**TASK STATEMENT:**
Starting at the line below with "500gr/gói - 1" and stopping at the line with "Fiery, unending kumkum", please print each line exactly, those two included, and skip every picture.

**MATERIAL PROVIDED:**
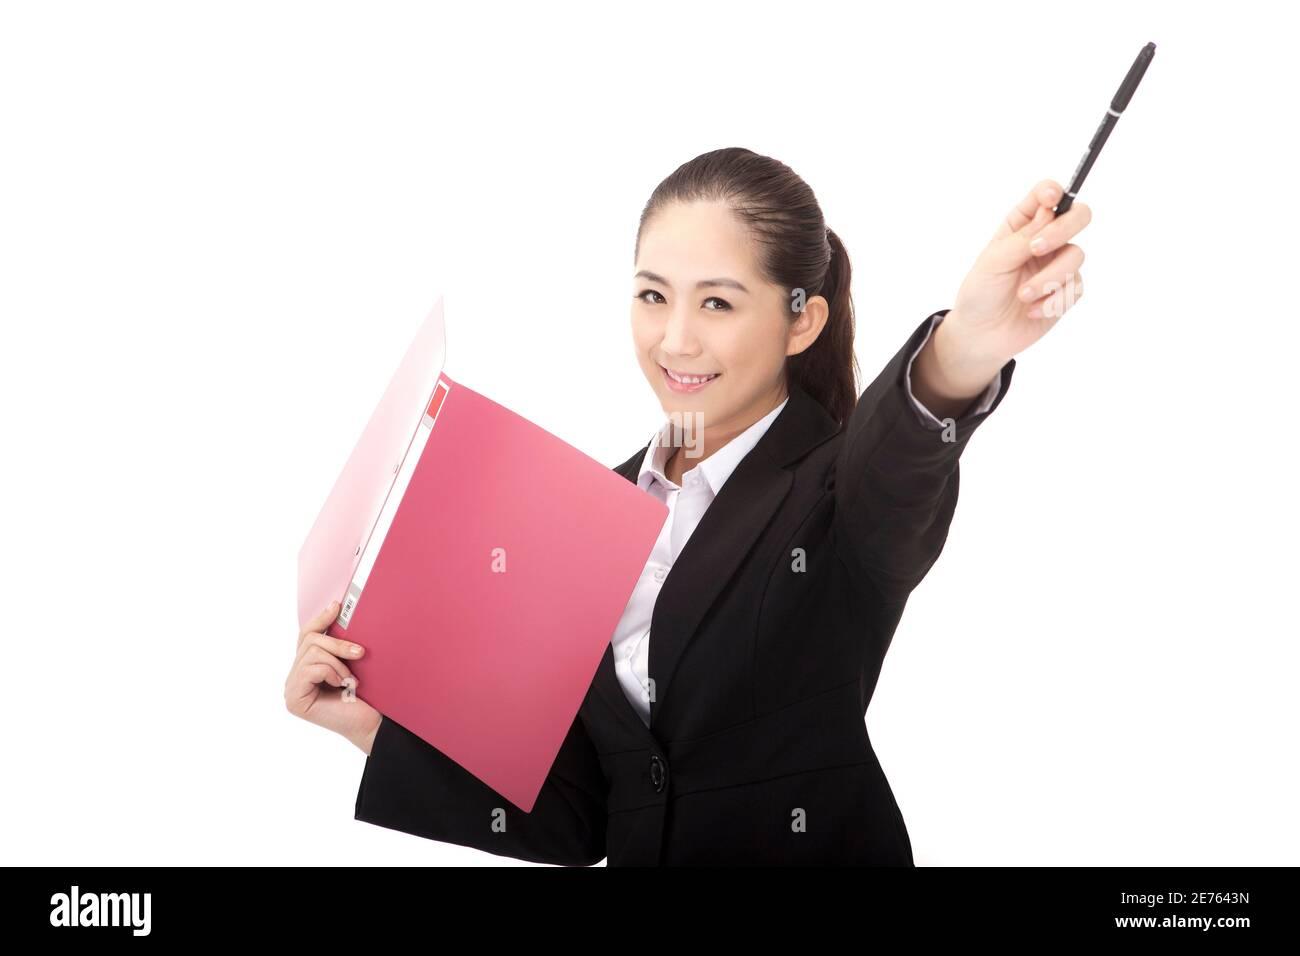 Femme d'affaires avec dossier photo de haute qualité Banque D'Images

* * *

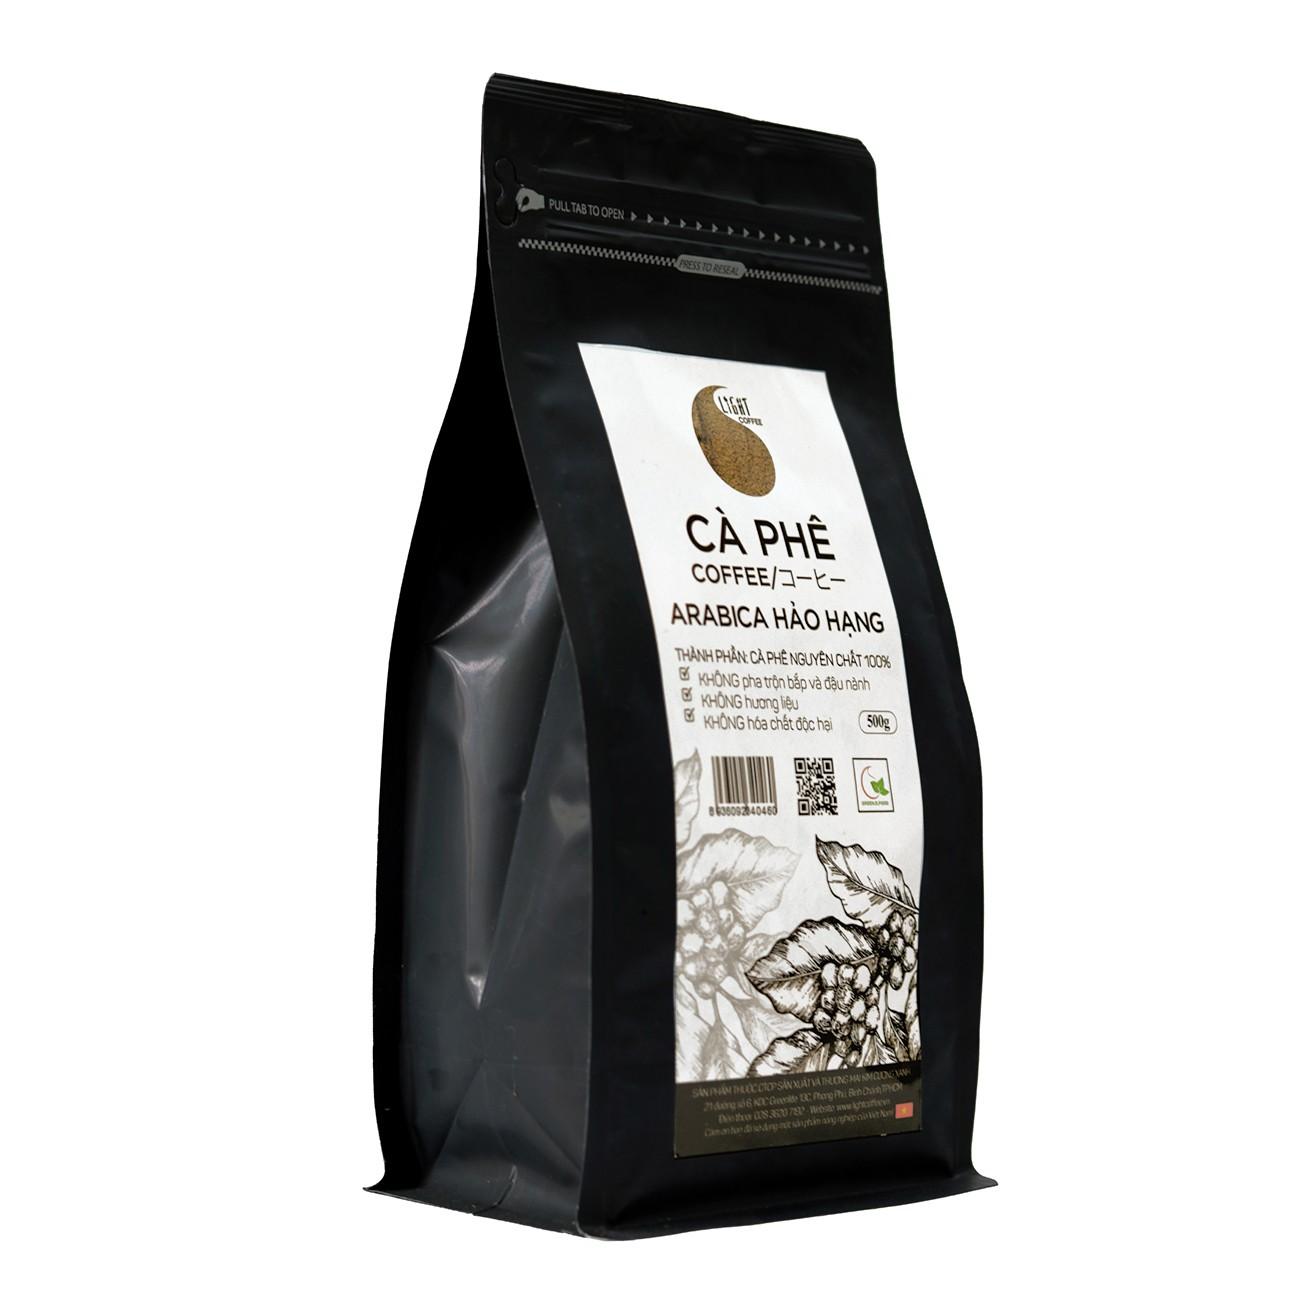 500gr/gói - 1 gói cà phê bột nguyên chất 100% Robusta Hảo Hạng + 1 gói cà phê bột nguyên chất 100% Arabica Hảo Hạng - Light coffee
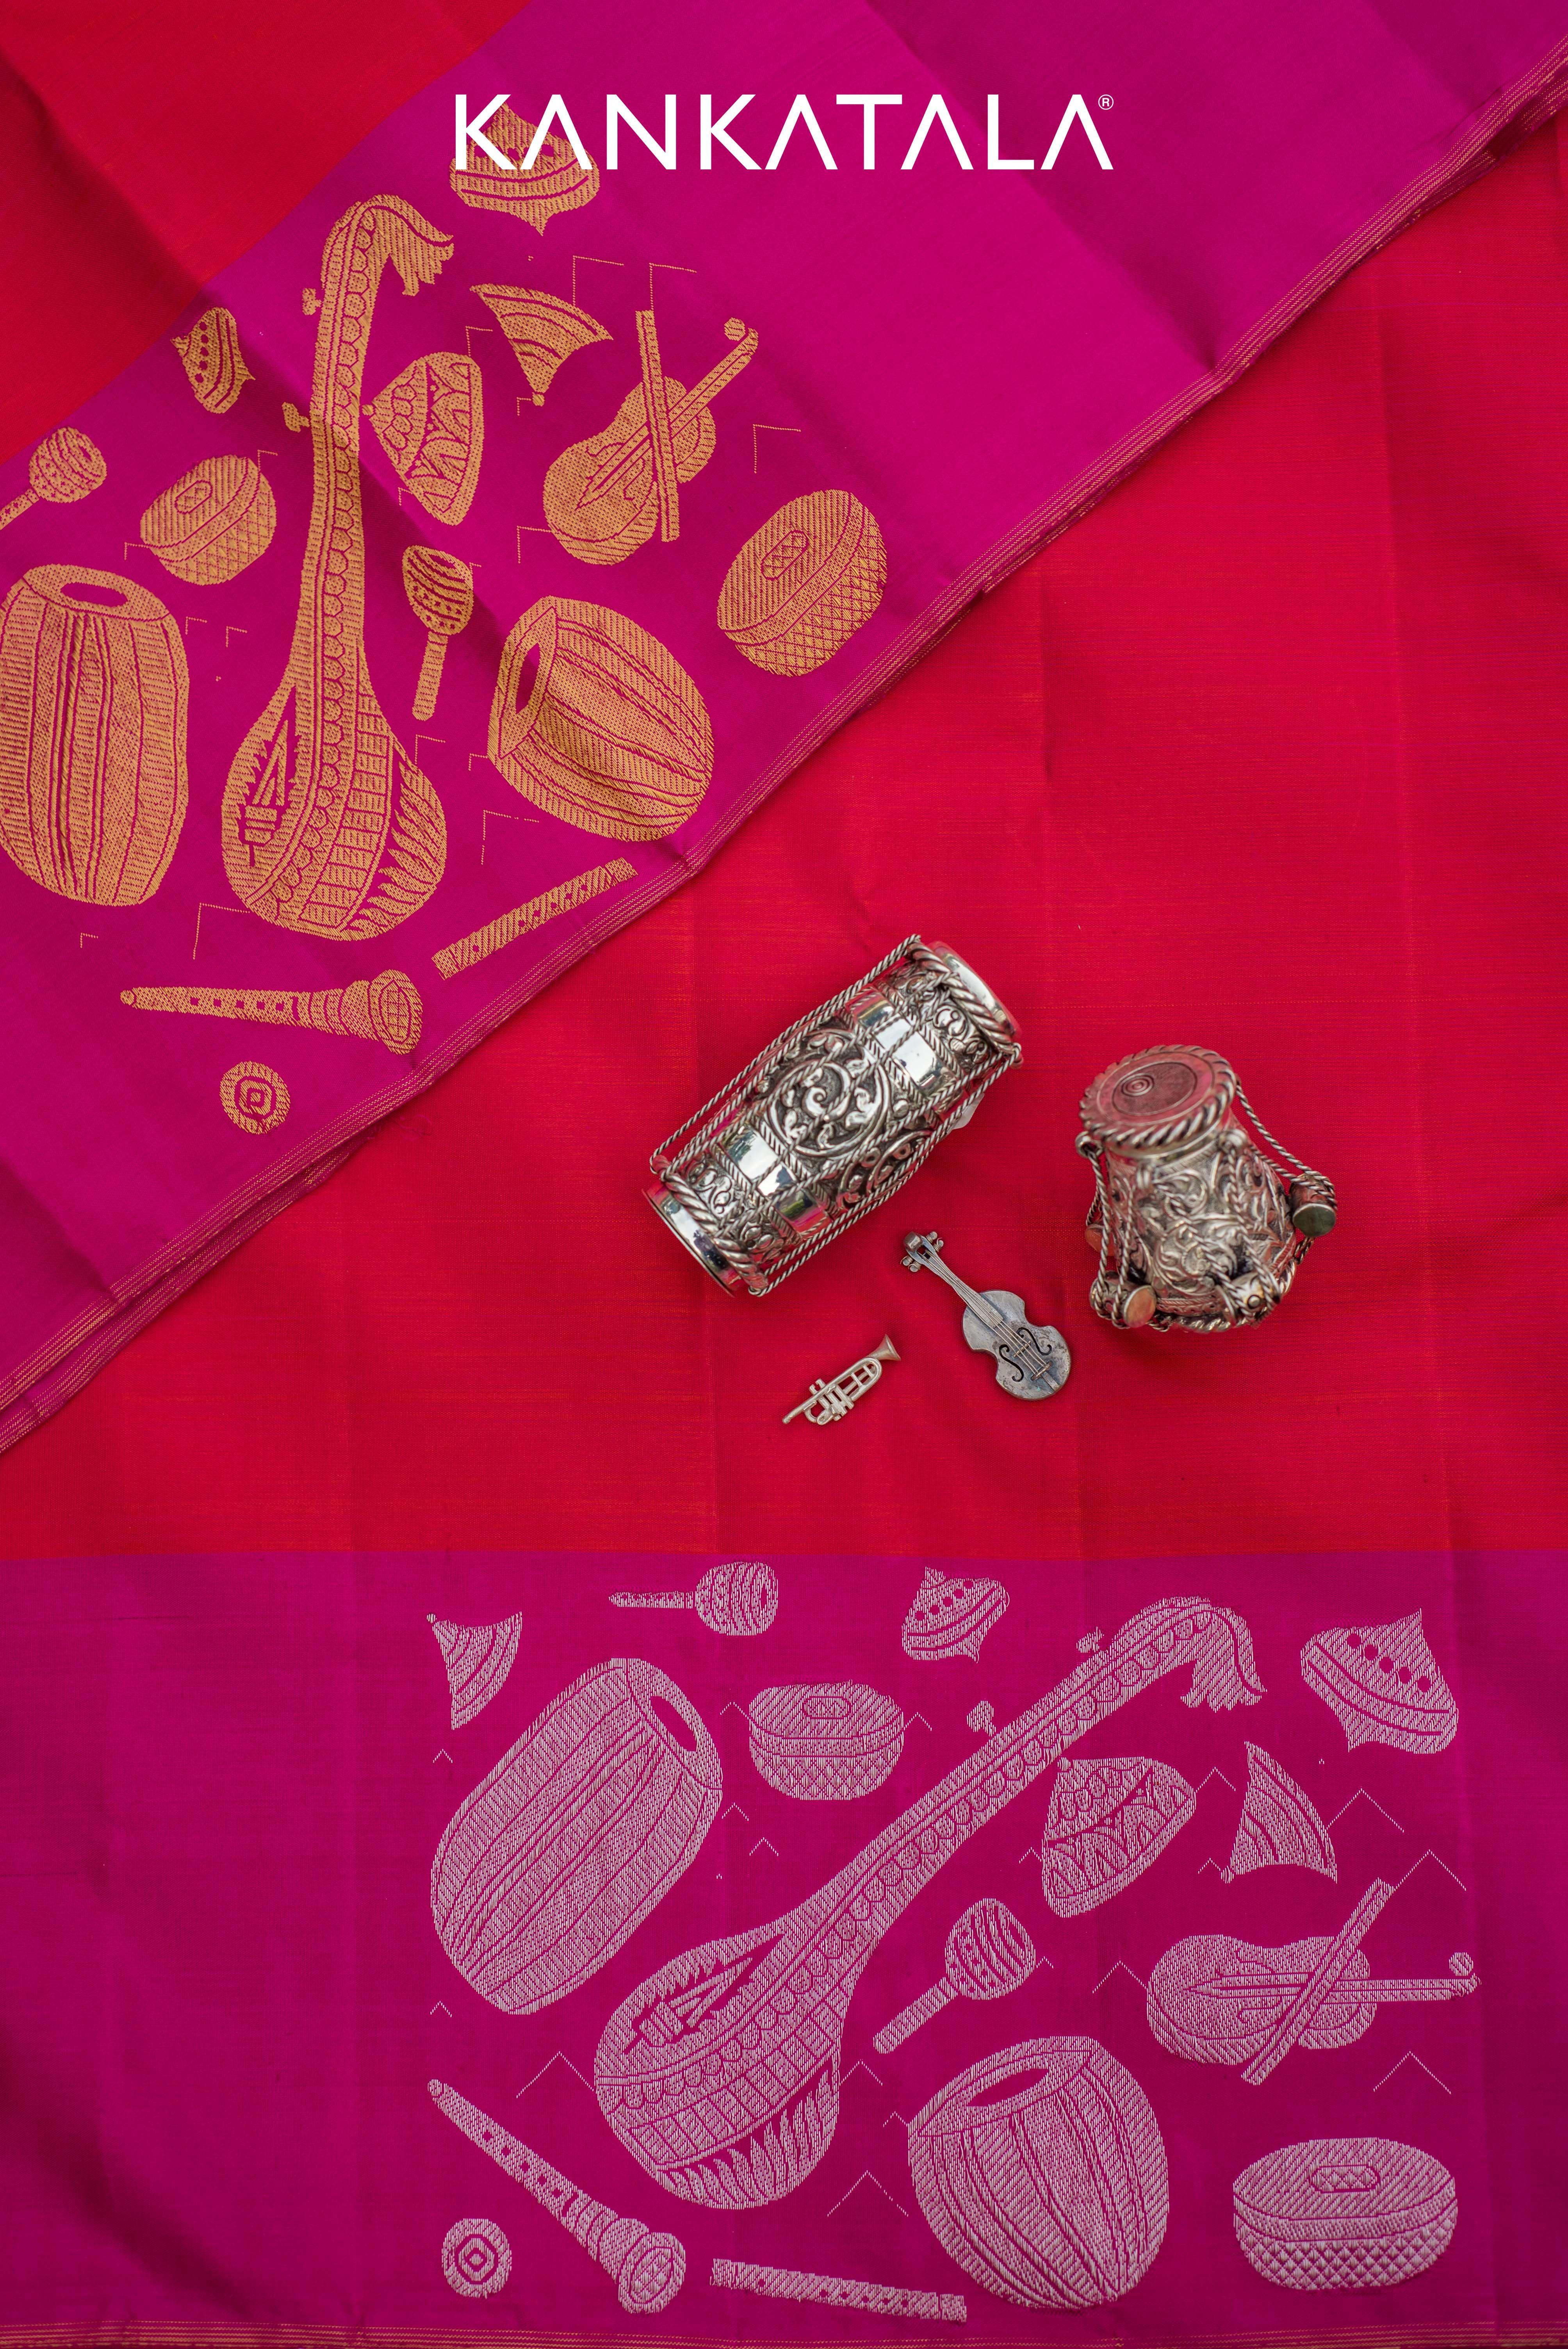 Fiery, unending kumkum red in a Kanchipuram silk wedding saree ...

**RESULT BELOW:**
 500gr/gói - 1 gói cà phê bột nguyên chất 100% Robusta Hảo Hạng + 1 gói cà phê bột nguyên chất 100% Arabica Hảo Hạng - Light coffee
 Fiery, unending kumkum red in a Kanchipuram silk wedding saree ...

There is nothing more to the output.